Reverse SSHFS mounts (fs push)

sshfs is a neat way of mounting a file system from one machine to another over an encrypted ssh channel. However, for machine CLIENT to access a file system that resides on machine HOST, CLIENT must generally be able to log in to HOST. In addition, CLIENT must be able to connect to HOST in the first place, though a tunnel from HOST to CLIENT can easily mediate this if a connection can only be initiated in that direction.

However, the login itself may still be an issue. You might not want to type your password for HOST on CLIENT, or set up a keyless login using public/private keys. You might not entirely trust CLIENT, from which you want to access the file system.

dpipe to the rescue.

Using dpipe, available in the “vde2” package on Debian (and, likely, derivatives), you can initiate the connection the other way and use sshfs in “slave mode”, in which it communicates over standard input and output instead of an SSH connection directly.

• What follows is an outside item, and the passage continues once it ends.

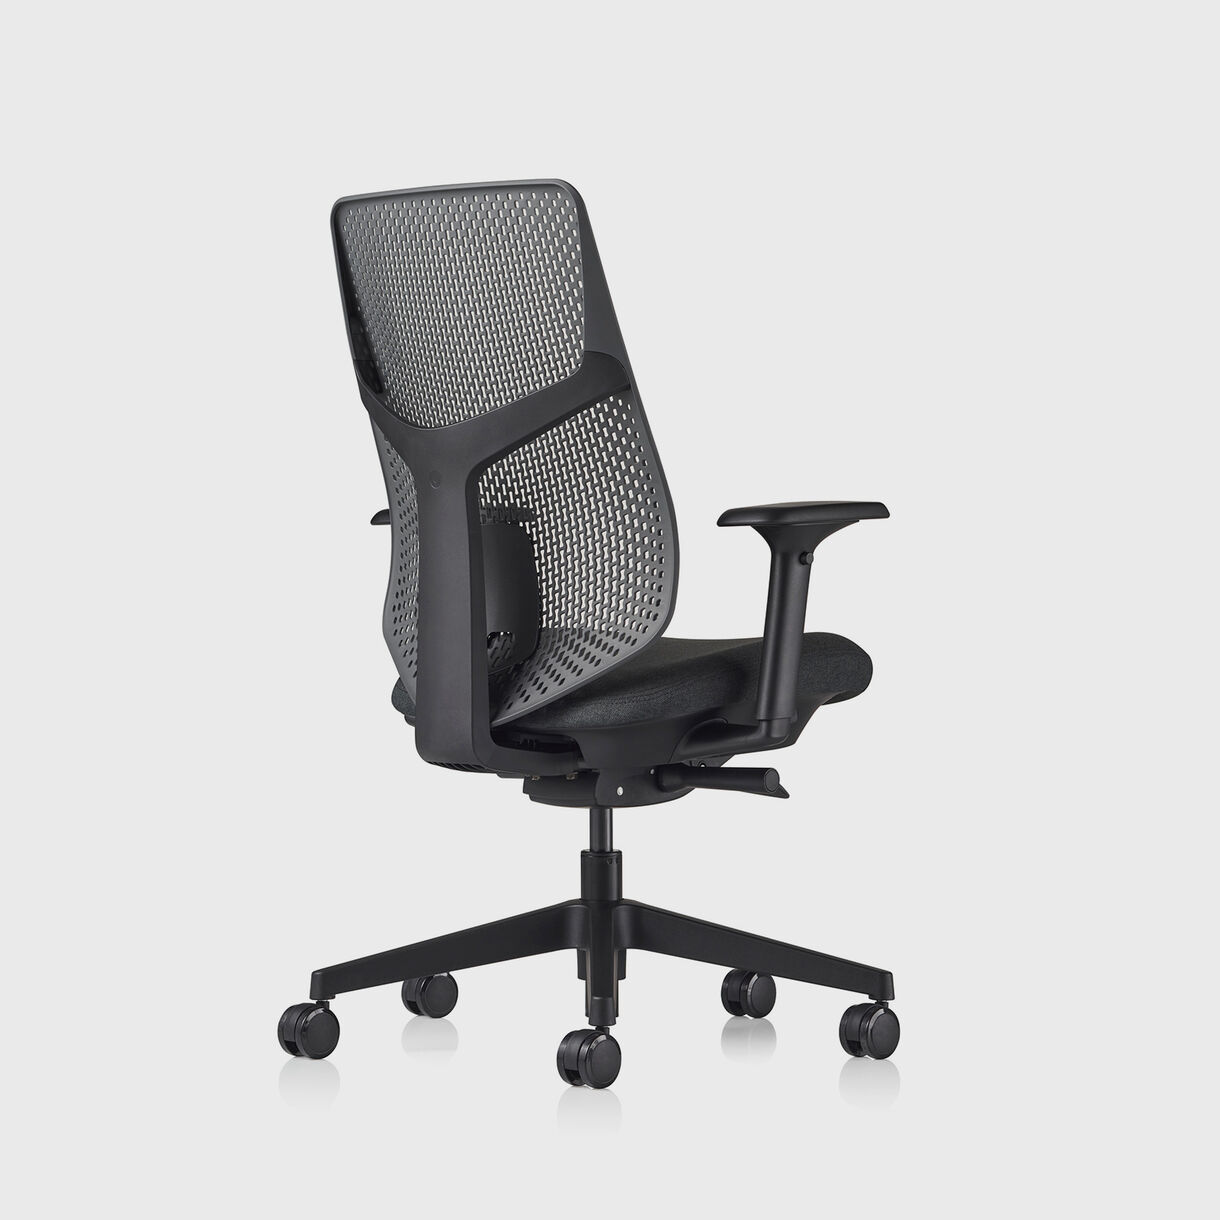 Verus TriFlex Back Task Chair - Black Frame, Dark Carbon TriFlex & Cinder Upholstery - Fully Adjustable Arms

Consider this is what you’d normally do:

sshfs YOU@HOST:/mnt/host/path /mnt/client/path

.. from CLIENT

Instead, you can do:

dpipe /usr/lib/openssh/sftp-server = ssh CLIENT sshfs :/mnt/host/path /mnt/client/path -o slave

.. from HOST!

Add any options you want as usual, and you’ve got a reverse SSHFS mount.

One cautionary note: While this setup allows you to initiate the connection from HOST, keeping your login details for HOST private, it will likely still allow for clever people to access the entire file structure of HOST as the client initiating the connection, the same as could happen if you initiate the connection from CLIENT. Thus, some trust in CLIENT is still required, though perhaps considerably less trust than you’d need to do the connection as per usual.

Have fun!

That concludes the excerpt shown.